Había tanta gente entrando y saliendo de la posada del Bazar Sekken que Link tuvo que esquivar obstáculos para lograr entrar. En la planta baja prepararon una larga mesa de madera sobre la que había desplegado un mapa. Todos estaban alrededor de la mesa, con la nariz metida en algún tipo de estrategia.

—Por las barbas del Vigilante, ¡Link! ¿Estás mejor, muchacho? —Rotver fue el primero en reparar en él.

—Sí, he logrado descansar algo —dijo él, rascándose la nuca.

—Le diré a Zheline que te haga un examen médico —dijo Rotver entrecerrando los ojos.

—Link, ¡cuánto tiempo sin verte!

—Hey, Nesooru. ¿Has conseguido muchas recompensas?

Link había conocido a Nesooru hacía un año, en el bosque de Farone.

—He abandonado ese camino —sonrió ella —ahora soy parte del grupo de élite guerrera de Adine. Mi misión es proteger a nuestra matriarca… si necesitas ayuda para entrar en la Ciudadela no podrás contar conmigo otra vez, pero seguro que Vilia está encantada de volver a ayudarte.

Él sonrió como única respuesta y consiguió hacerse un hueco en el borde de la mesa. Sobre el mapa habían situado piedras de colores, representando la posición de cada poblado y también el ejército de Tarek. Eran pocas piedras, él los había visto y sabía que eran muchos más… se las habían ingeniado para montar campamentos en la gran estepa de Tabanta, incluso con el frío despiadado que había en esa región, los hombres de Tarek se habían adiestrado allí, manteniéndose fieles a su causa.

Cuando levantó la vista del mapa encontró los ojos esmeralda esperándole. Estaban al otro lado de la mesa, fijos en él, observándole casi con indignación por no haber reparado antes en ellos.

—Link, me alegra que al fin te unas a nosotros —dijo Riju —estamos intentando prevenir un nuevo ataque de Tanagar. Si usamos las bestias divinas para-

—No podemos hacer eso —interrumpió Zelda —si las movemos, las cuatro grandes regiones quedarán desprotegidas. Eso es lo que quiere Tarek. No creo que a él le importe demasiado hacerse con el control de los establos de la llanura o de Tabanta. Él quiere ocupar todos los tronos de Hyrule, dejándolos sin la protección de las bestias lo tendrá mucho más fácil.

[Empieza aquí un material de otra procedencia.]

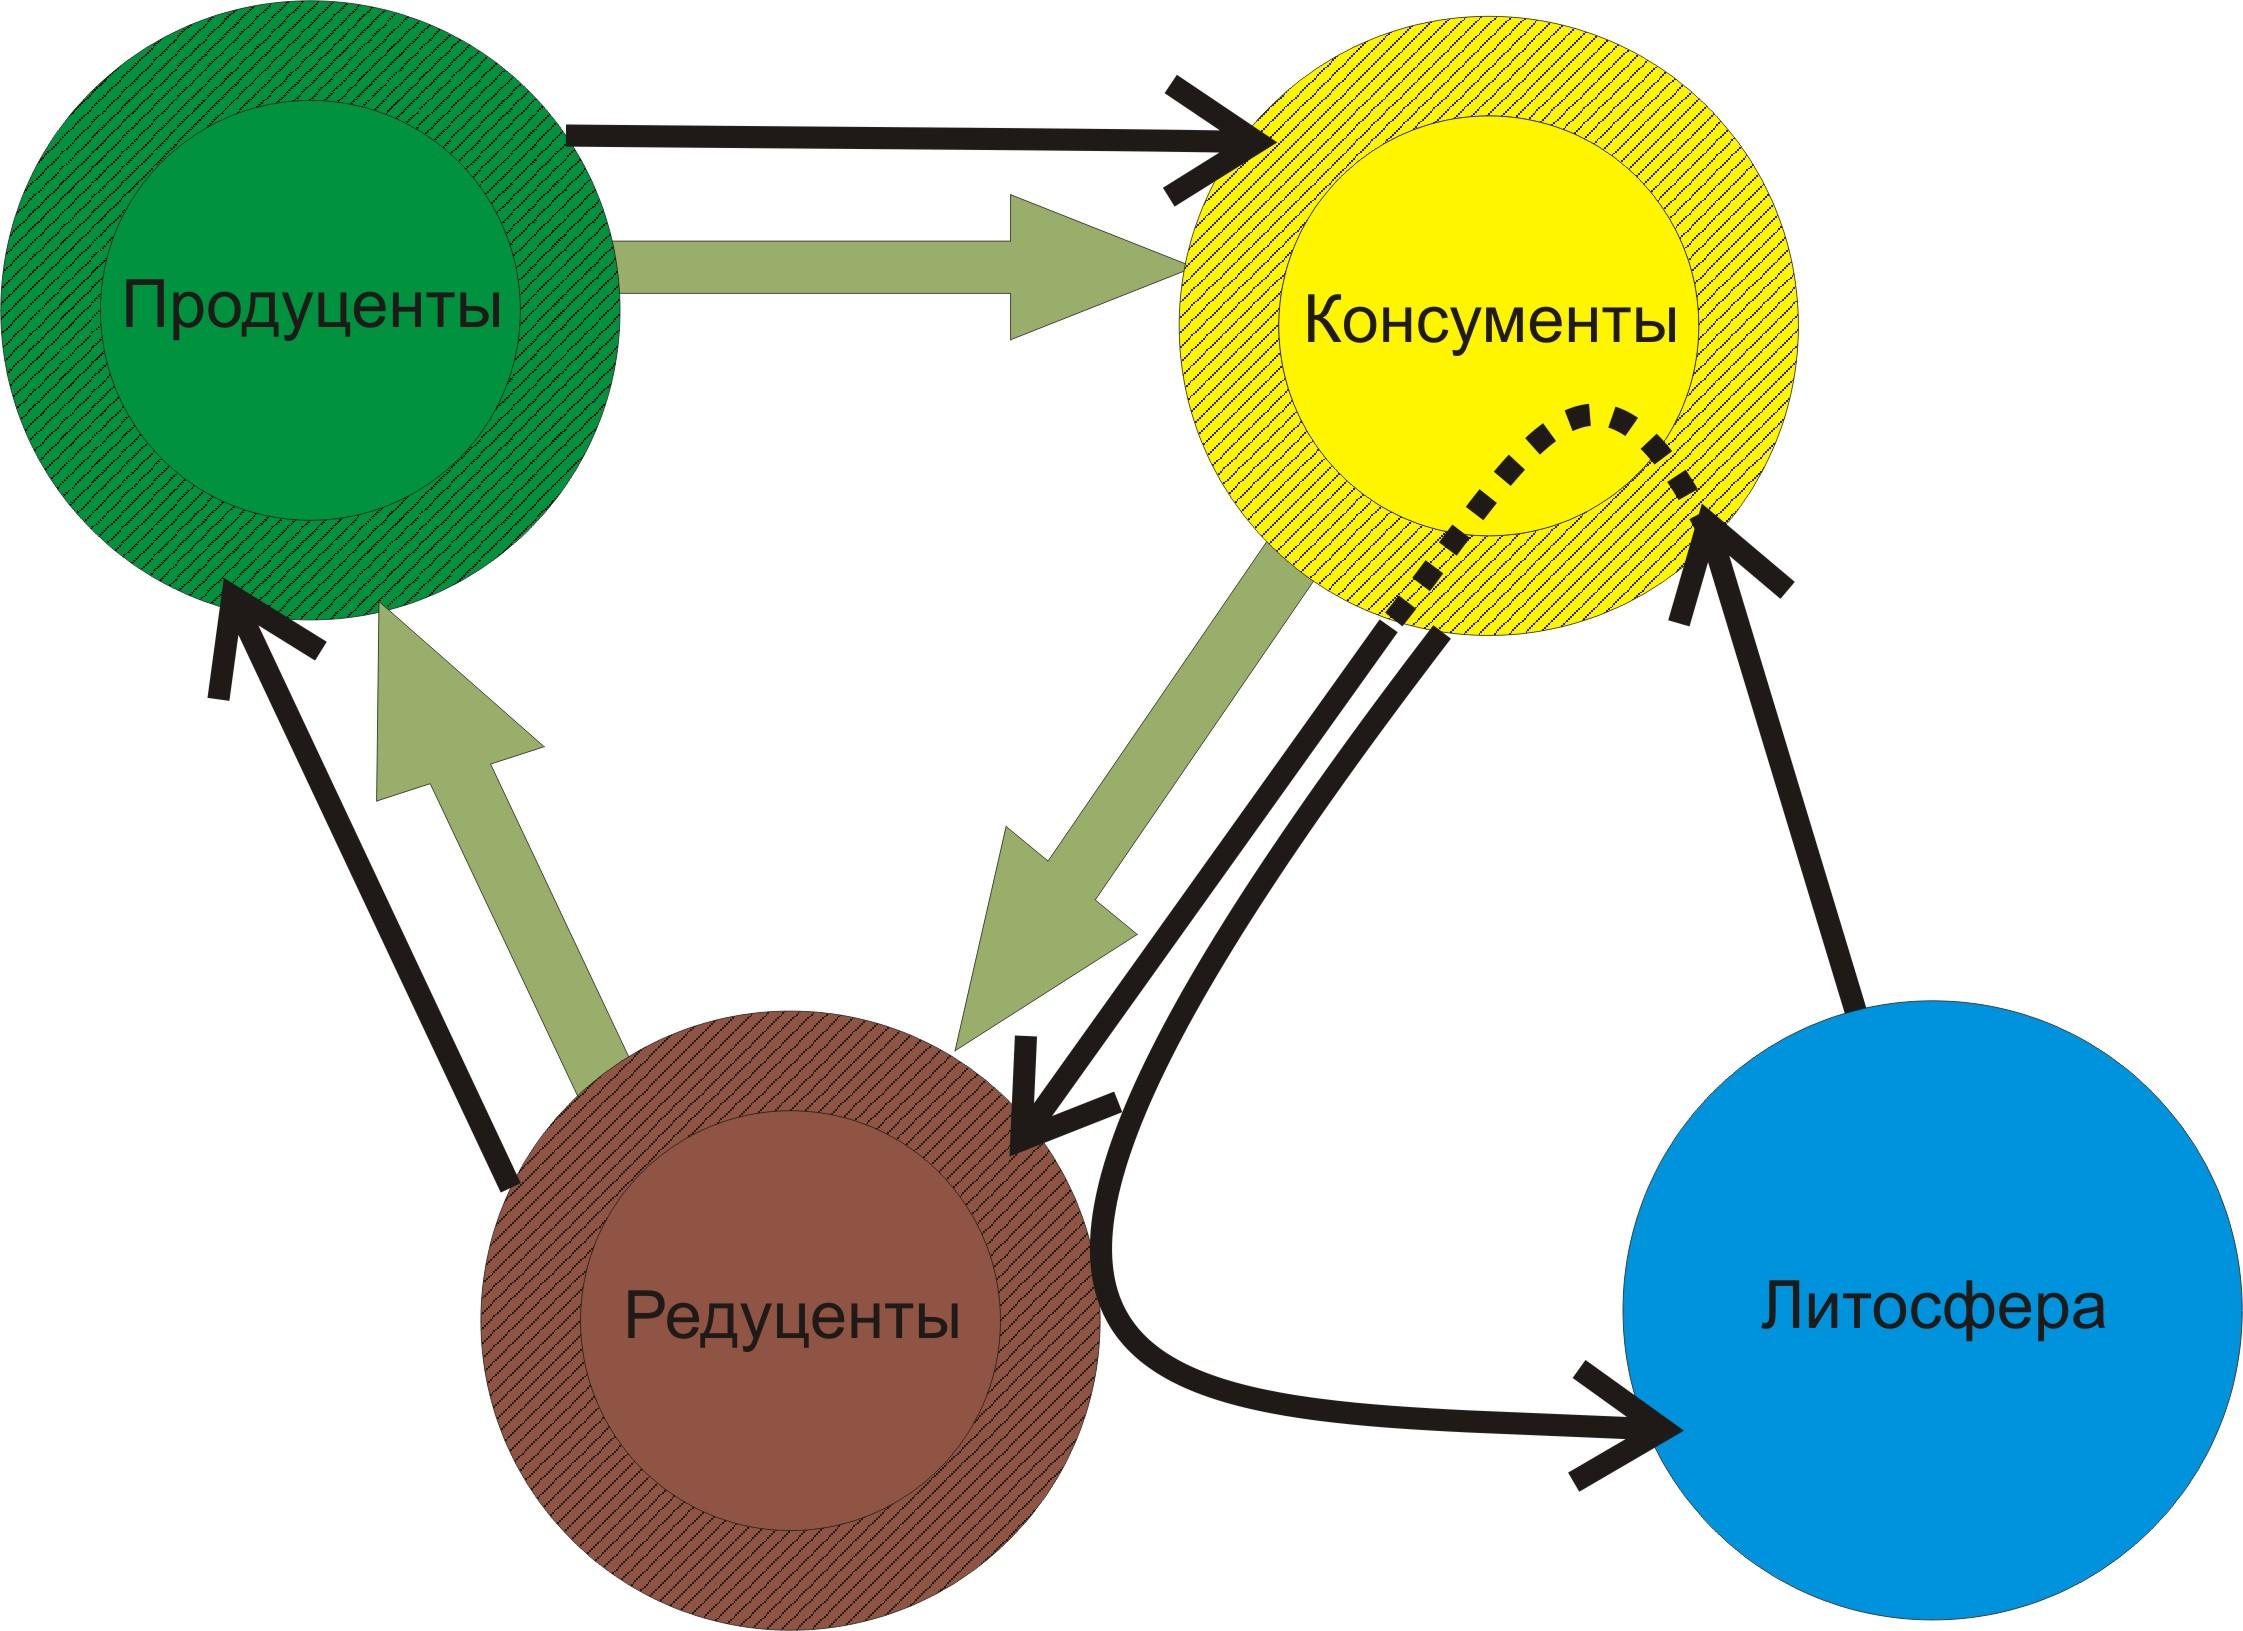 Трофические уровни: типы, значение, схемы и определение пищевой цепи

—Entonces apuntemos los disparadores hacia la Fortaleza de Cruz de Espadas —propuso Riju —de un solo disparo todo habrá acabado.

—Habrá muchos muertos. Personas a las que no les habremos dado la opción de elegir —repuso Zelda —No quiero que haya más víctimas.

—¿Qué pasa con Hatelia, con Akkala y Onaona? ¿Qué pasa con el resto de pueblos que no tienen a esas bestias sobre sus cabezas? —intervino el alcalde Reede.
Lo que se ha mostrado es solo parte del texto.